La clause d’honoraire de résultat constitue aujourd’hui un outil contractuel courant dans les conventions d’honoraires. Elle permet d’associer la rémunération de l’avocat au succès de la mission confiée, tout en respectant l’interdiction du pacte de quota litis.


Dans la pratique contentieuse, ce succès ne se matérialise pas toujours par une somme obtenue par le client. Il peut également prendre la forme d’une condamnation évitée ou d’une prétention adverse significativement réduite. C’est dans cette logique que certaines conventions prévoient un honoraire calculé sur les sommes “économisées”.


Cette rédaction, très répandue dans les dossiers de défense, suscite toutefois des interrogations juridiques.


Comment définir précisément l’économie réalisée ? Une clause reposant sur cette notion est-elle suffisamment déterminable pour produire effet ? Et surtout, peut-elle être remise en cause au regard du droit de la consommation ?

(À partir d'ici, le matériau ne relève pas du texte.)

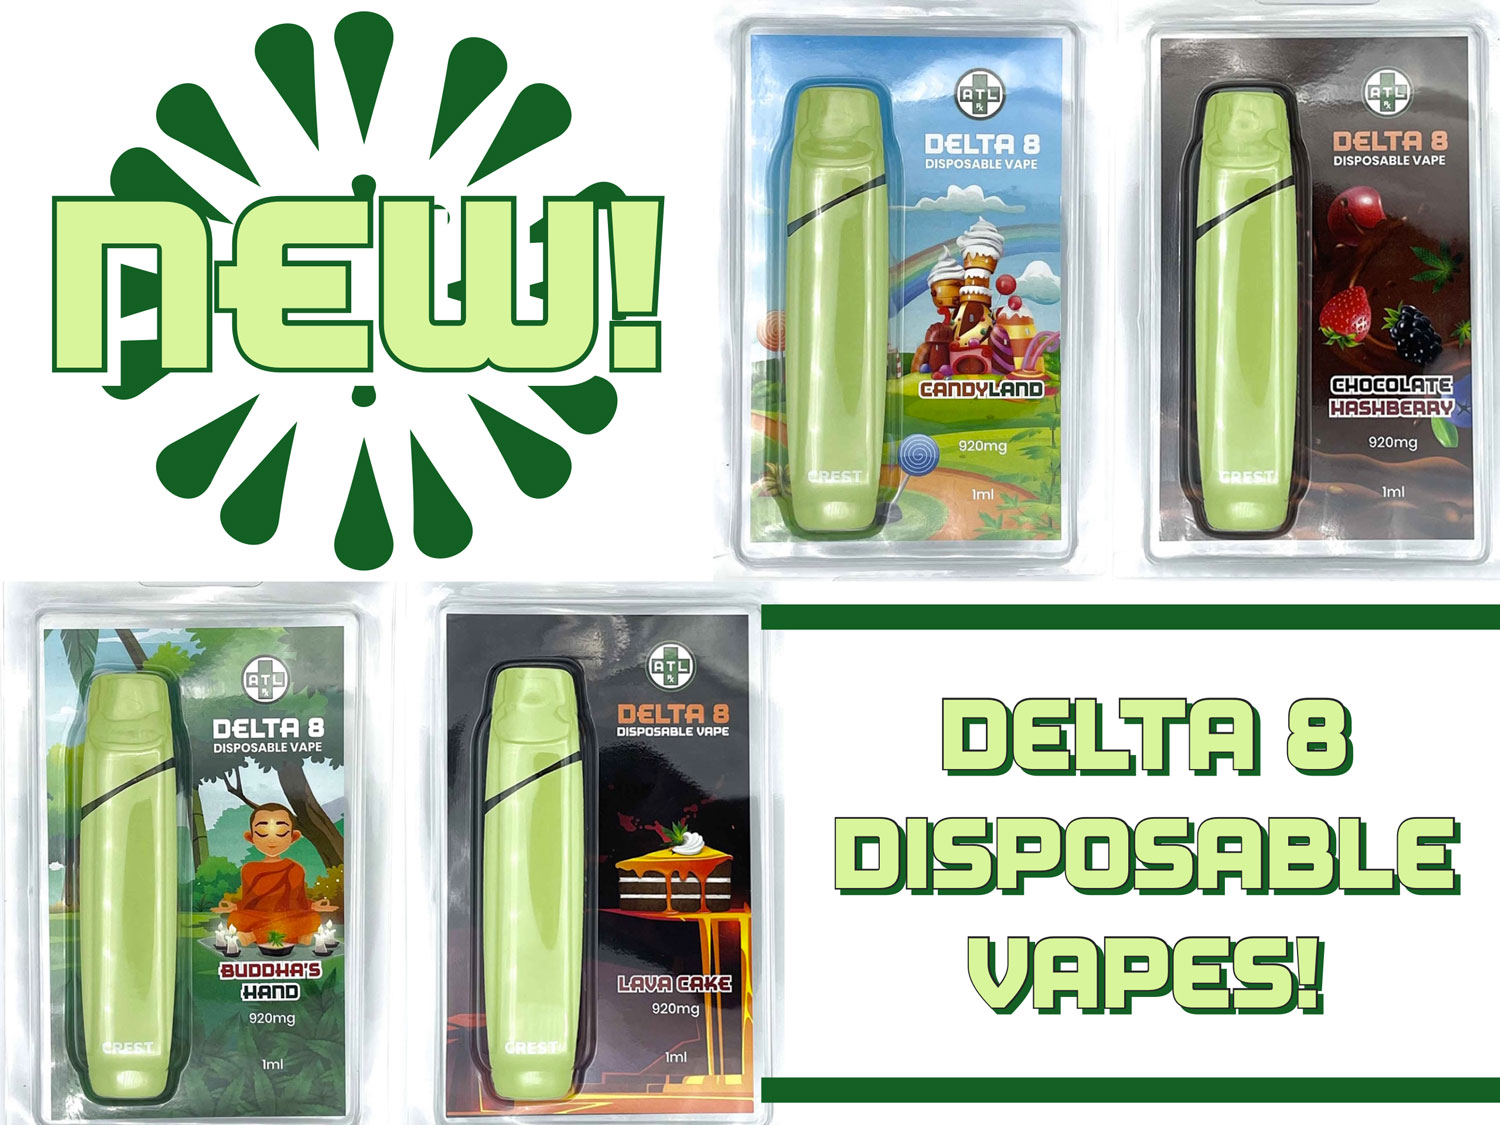 Introducing ATLRx Delta 8 Disposable Vapes!

L’arrêt rendu par la deuxième chambre civile de la Cour de cassation le 12 mars 2026 apporte un éclairage particulièrement intéressant sur ces questions. La Haute juridiction rappelle qu’une clause d’honoraire de résultat fondée sur l’économie réalisée ne peut pas être écartée pour le seul motif qu’elle manquerait de clarté.


Pour être neutralisée, il appartient au juge de démontrer qu’elle crée un déséquilibre significatif entre les droits et obligations des parties.


Cette décision invite à réexaminer la validité et les conditions de rédaction des clauses d’honoraire de résultat reposant sur la notion d’économie.


La clause d’honoraire de résultat : un mécanisme admis par la loi


L’encadrement légal de la rémunération de l’avocat


La rémunération de l’avocat repose en principe sur la liberté contractuelle. Toutefois, cette liberté est encadrée par plusieurs règles issues de la loi du 31 décembre 1971 et de la déontologie professionnelle.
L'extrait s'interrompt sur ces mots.